Symmetry: Consider each of the 52 cards in the deck. Each card has an equal chance of being in the second position of the draw. Since there are 4 Kings in the deck, the probability that the card in the second position is a King must be the same as the probability that the card in the first position is a King, which is \(\frac{4}{52}\).
Law of Total Probability (Implicitly): We can think about the two possibilities for the first card:
- Case 1: The first card is a King. The probability of this is \(P(\text{1st is King}) = \frac{4}{52}\). In this case, the probability of the second card being a King is \(P(\text{2nd is King} | \text{1st is King}) = \frac{3}{51}\).
- Case 2: The first card is not a King. The probability of this is \(P(\text{1st is not King}) = \frac{48}{52}\). In this case, there are still 4 Kings left in the remaining 51 cards, so the probability of the second card being a King is \(P(\text{2nd is King} | \text{1st is not King}) = \frac{4}{51}\).
Using the Law of Total Probability:

\[\begin{split} \begin{aligned} P(\text{2nd King}) &= P(\text{2nd King} | \text{1st King})P(\text{1st King}) \\ &\quad + P(\text{2nd King} | \text{1st Not King})P(\text{1st Not King}) \end{aligned} \end{split}\]

\[\begin{split} \begin{aligned} P(\text{2nd King}) &= \left(\frac{3}{51}\right)\left(\frac{4}{52}\right) + \left(\frac{4}{51}\right)\left(\frac{48}{52}\right) \\ &= \frac{12 + 192}{51 \times 52} \\ &= \frac{204}{2652} \\ &= \frac{4}{52} \end{aligned} \end{split}\]
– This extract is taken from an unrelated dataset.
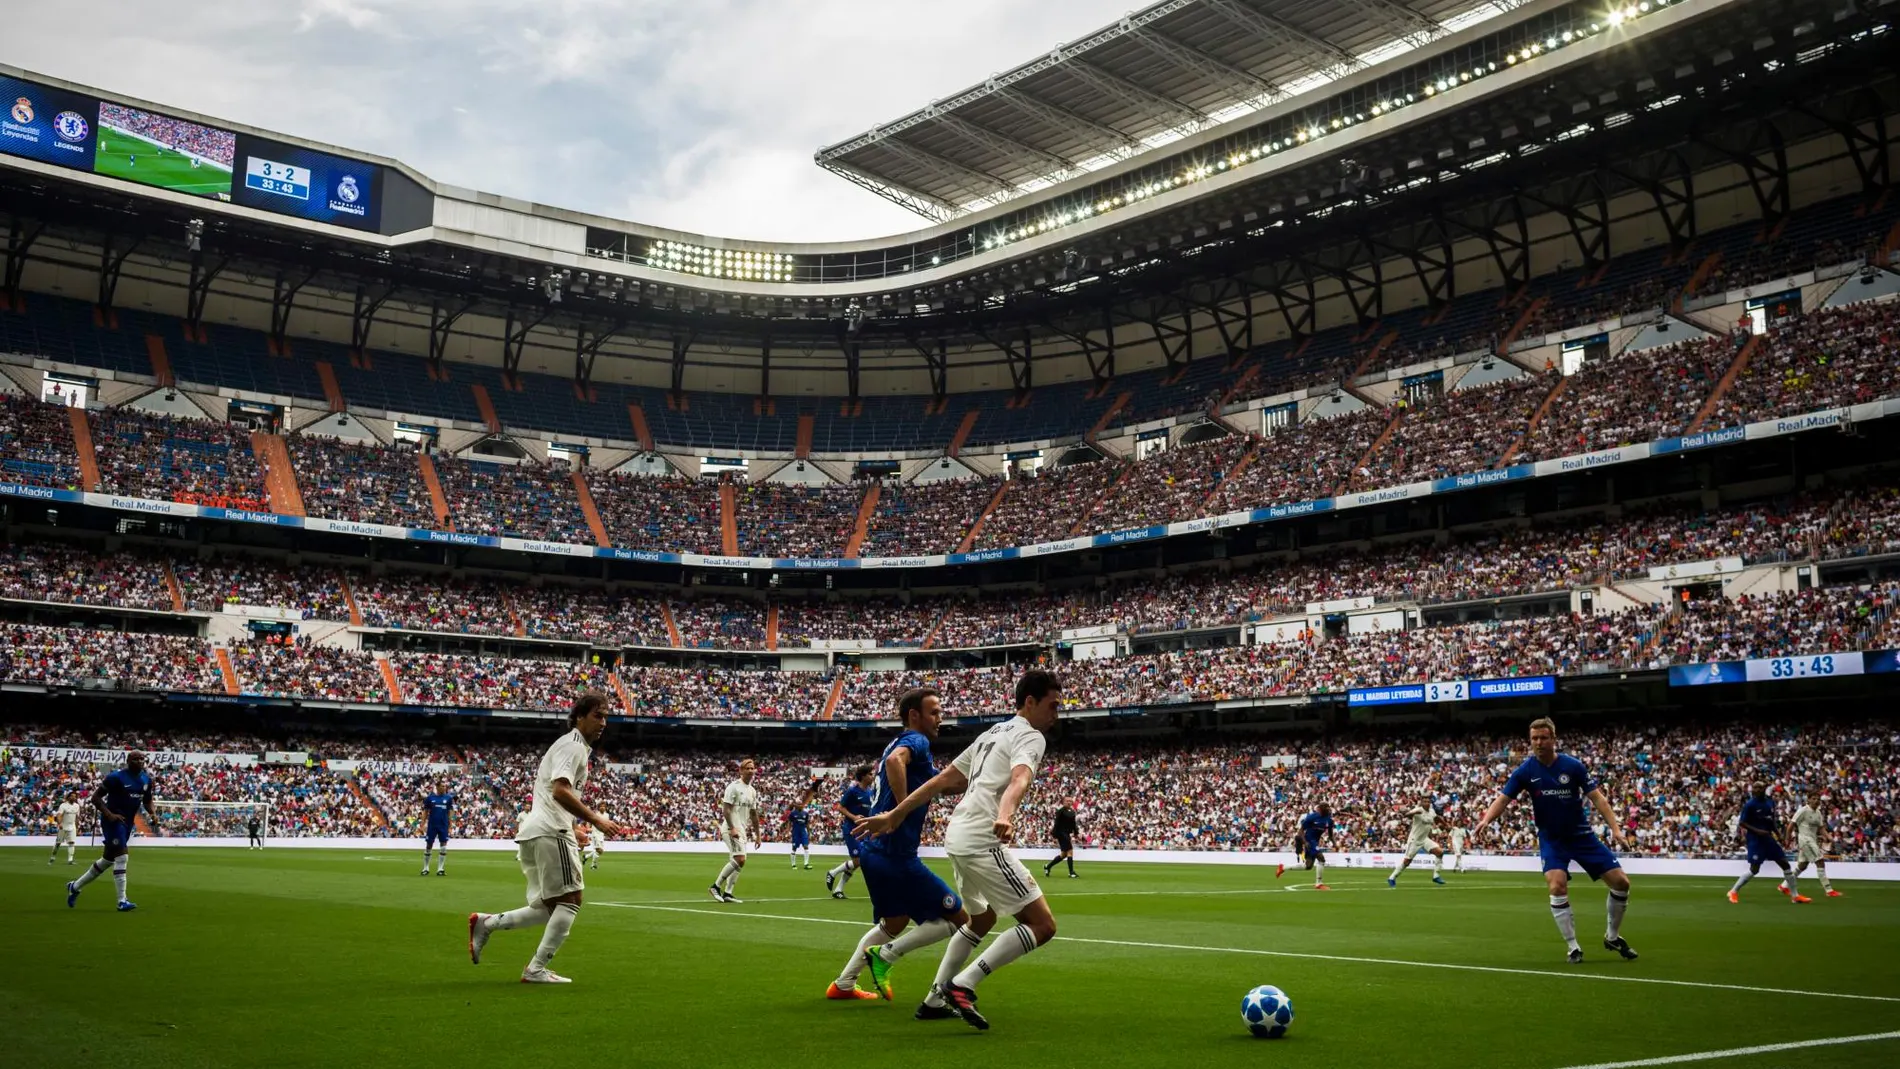 El último partido en el Bernabéu fue el Classic Match

So, both our intuition and a more formal application of probability rules confirm these results! Now, are you ready to simulate this?

# Represent the deck
ranks = ['2', '3', '4', '5', '6', '7', '8', '9', 'T', 'J', 'Q', 'K', 'A']
suits = ['H', 'D', 'C', 'S'] # Hearts, Diamonds, Clubs, Spades
deck = [rank + suit for rank in ranks for suit in suits]
kings = {'KH', 'KD', 'KC', 'KS'}

# Simulation parameters
num_simulations = 100000

# Counters
count_first_king = 0
count_second_king = 0
count_both_king = 0
count_second_king_given_first_king = 0

# Run simulations
for _ in range(num_simulations):
    # Shuffle the deck implicitly by drawing random samples
    drawn_cards = random.sample(deck, 2)
    card1 = drawn_cards[0]
    card2 = drawn_cards[1]

    # Check conditions
    is_first_king = card1 in kings
    is_second_king = card2 in kings

    if is_first_king:
        count_first_king += 1
        if is_second_king:
            count_second_king_given_first_king += 1

    if is_second_king:
        count_second_king += 1

    if is_first_king and is_second_king:
        count_both_king += 1

# Calculate probabilities from simulation
prob_first_king_sim = count_first_king / num_simulations
prob_second_king_sim = count_second_king / num_simulations
prob_both_king_sim = count_both_king / num_simulations

# Calculate conditional probability P(B|A) = P(A and B) / P(A)
# We can estimate this directly from the counts:
if count_first_king > 0:
    prob_second_given_first_sim = count_second_king_given_first_king / count_first_king
else:
    prob_second_given_first_sim = 0

# Theoretical values
prob_first_king_theory = 4/52
prob_second_king_theory = 4/52 # By symmetry
prob_both_king_theory = (4/52) * (3/51)
prob_second_given_first_theory = 3/51

# Print results
print(f"--- Theoretical Probabilities ---")
print(f"P(1st is King): {prob_first_king_theory:.6f} ({4}/{52})")
print(f"P(2nd is King): {prob_second_king_theory:.6f} ({4}/{52})")
print(f"P(Both Kings): {prob_both_king_theory:.6f}")
print(f"P(2nd is King | 1st is King): {prob_second_given_first_theory:.6f} ({3}/{51})")
print("\n")
print(f"--- Simulation Results ({num_simulations} runs) ---")
print(f"Estimated P(1st is King): {prob_first_king_sim:.6f}")
print(f"Estimated P(2nd is King): {prob_second_king_sim:.6f}")
print(f"Estimated P(Both Kings): {prob_both_king_sim:.6f}")
print(f"Estimated P(2nd is King | 1st is King): {prob_second_given_first_sim:.6f}")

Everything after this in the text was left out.